● Aim of the exercise: Output a character-exact copy of the data, images removed.

● Provided data:

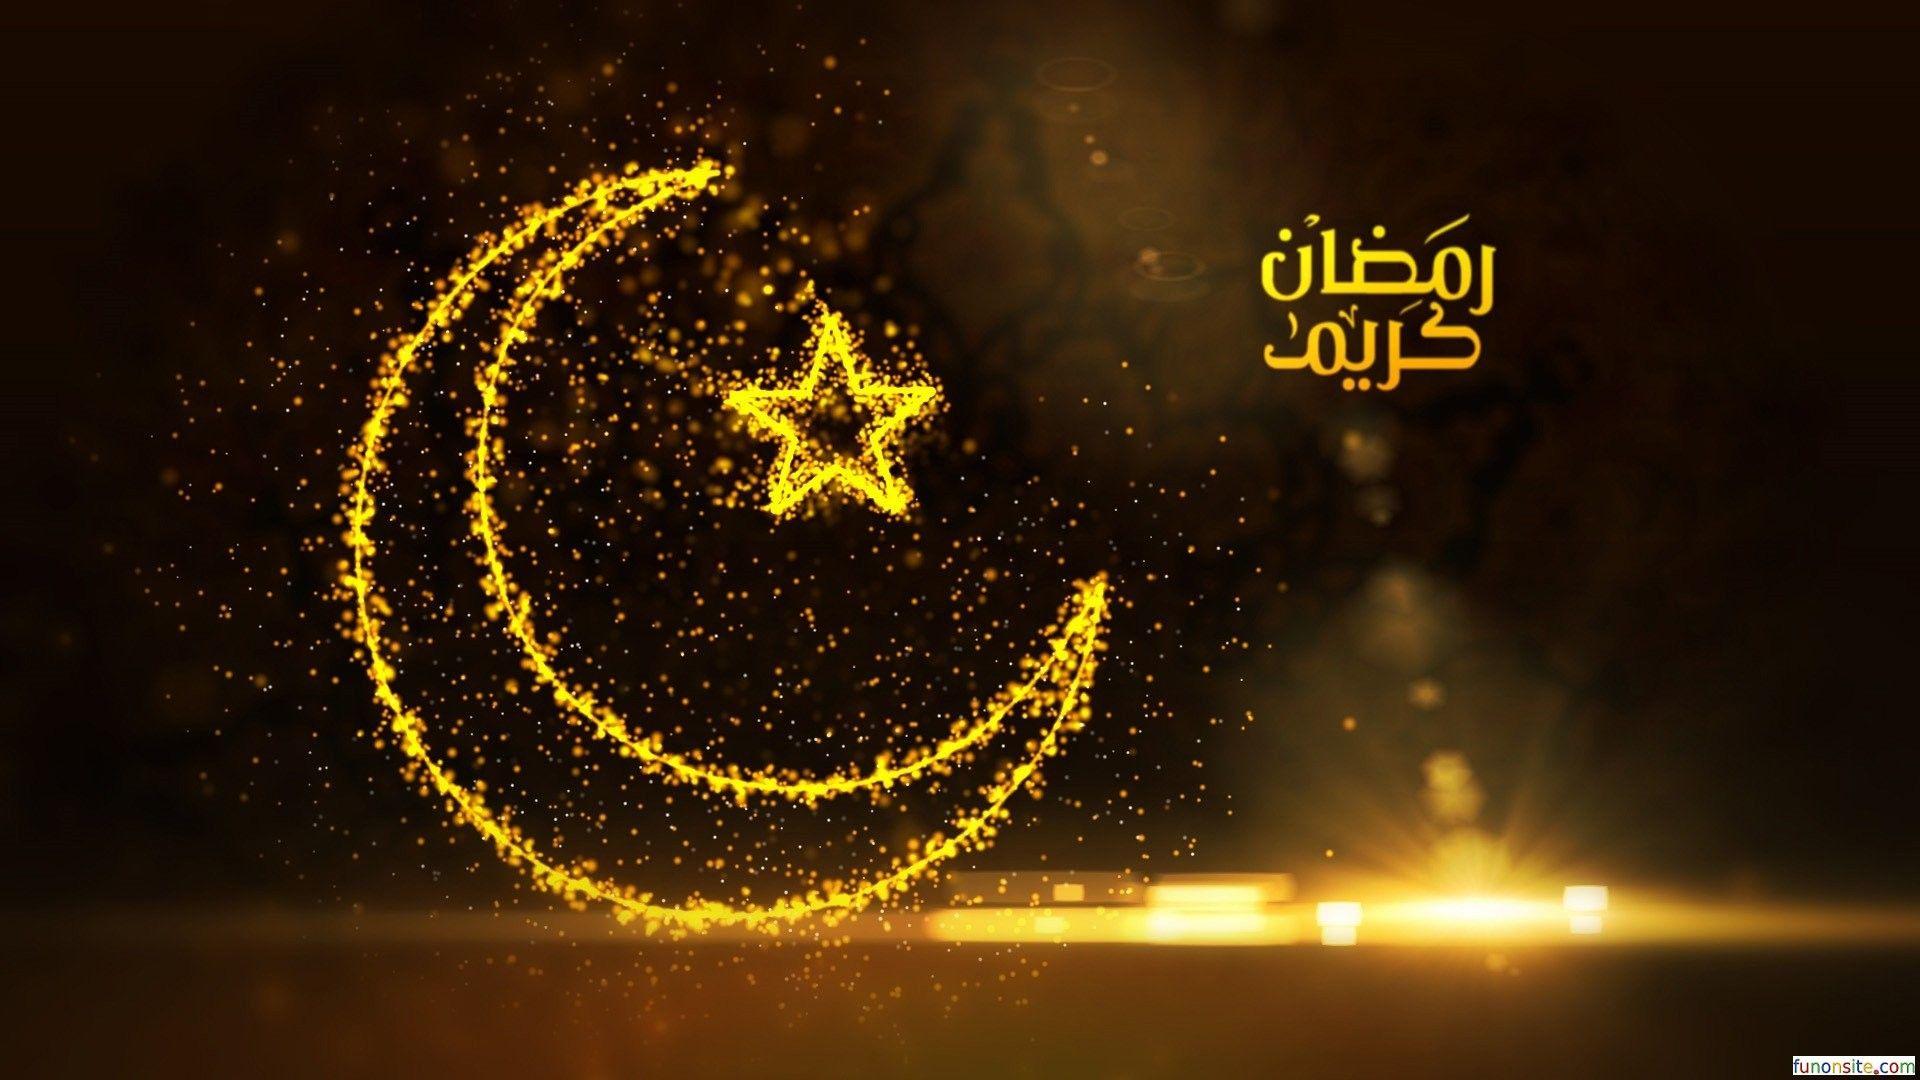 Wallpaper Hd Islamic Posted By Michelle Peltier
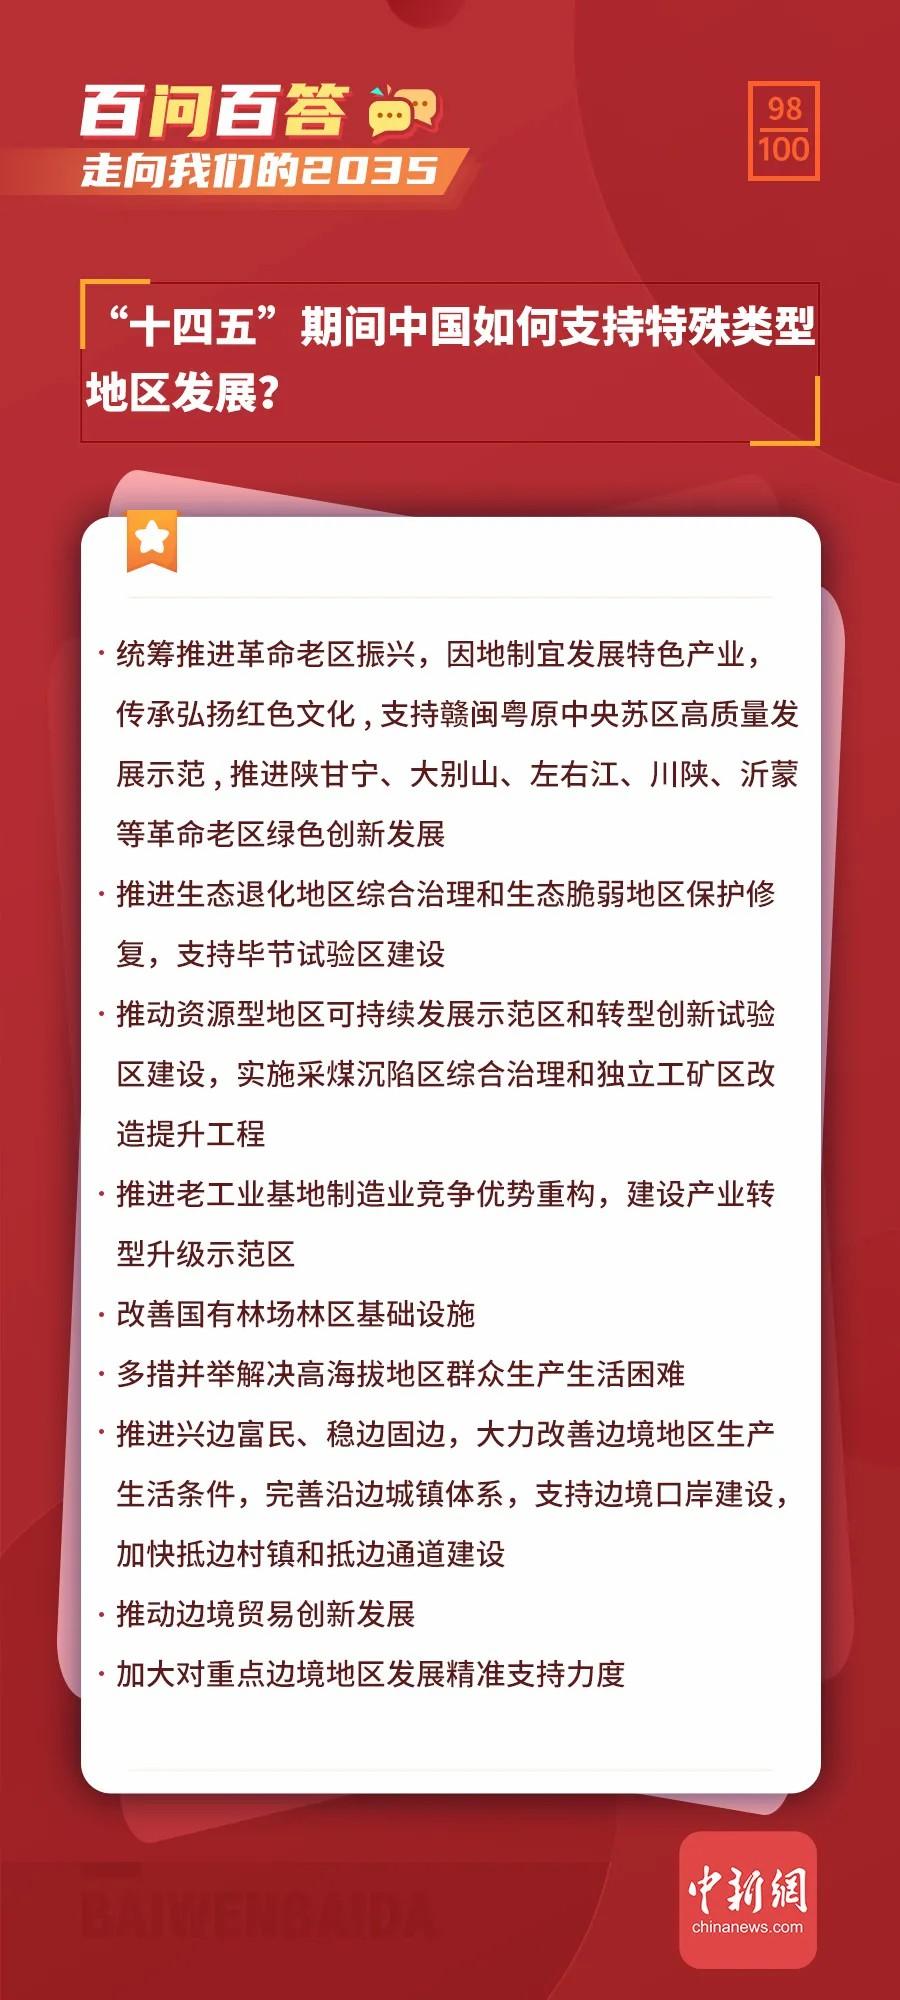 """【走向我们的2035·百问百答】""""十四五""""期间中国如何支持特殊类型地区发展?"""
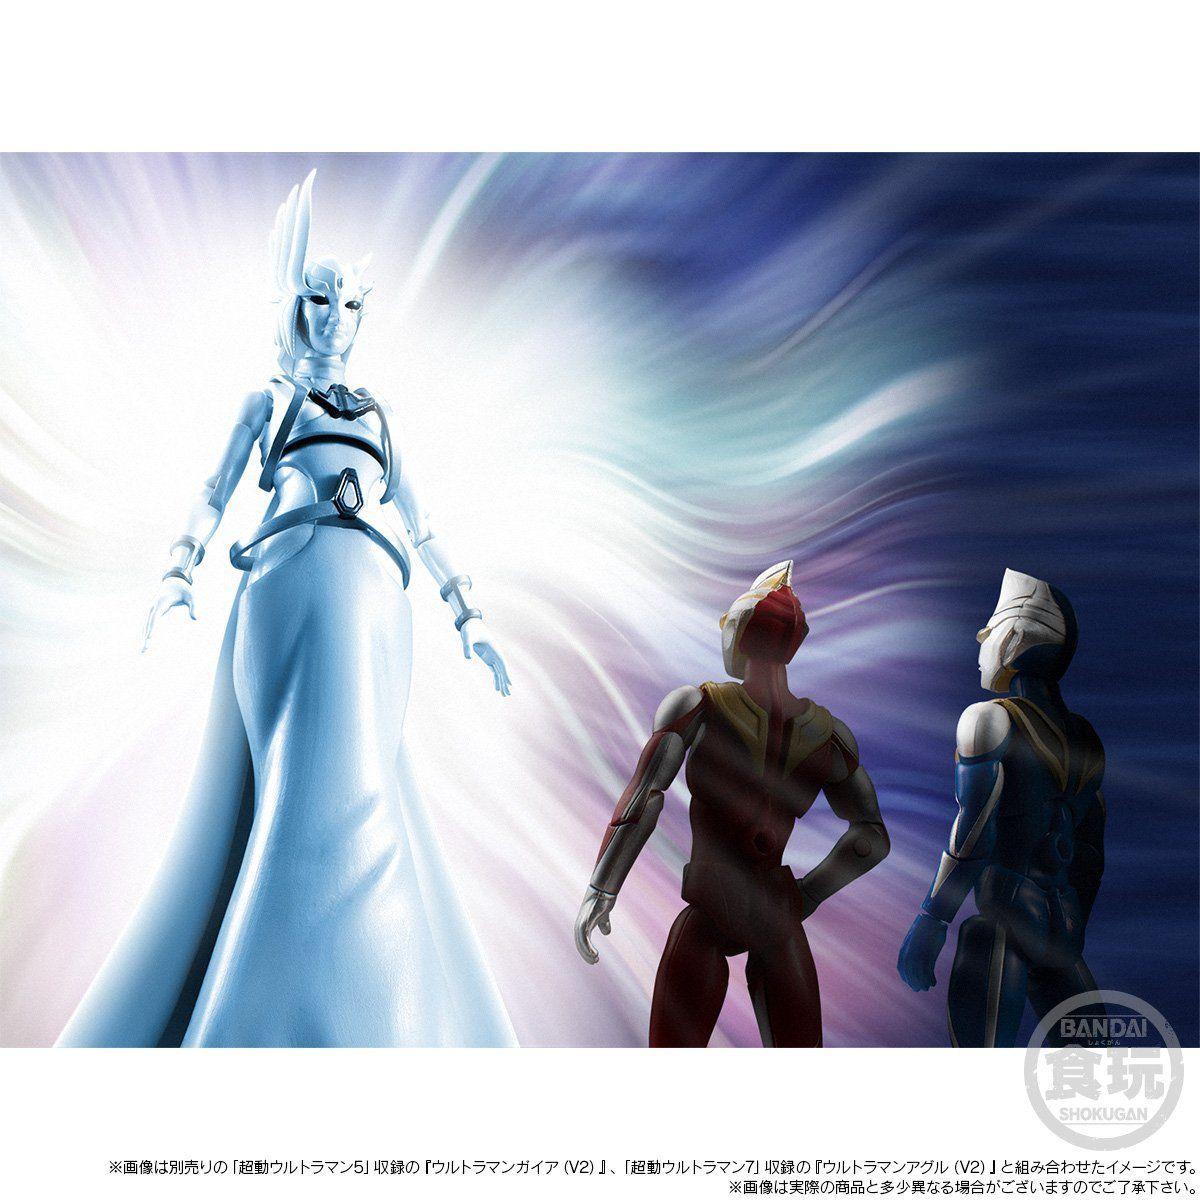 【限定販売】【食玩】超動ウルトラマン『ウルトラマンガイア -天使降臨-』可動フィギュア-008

● Result for this task:
 Wallpaper Hd Islamic Posted By Michelle Peltier
 """【走向我们的2035·百问百答】""""十四五""""期间中国如何支持特殊类型地区发展?"""
 【限定販売】【食玩】超動ウルトラマン『ウルトラマンガイア -天使降臨-』可動フィギュア-008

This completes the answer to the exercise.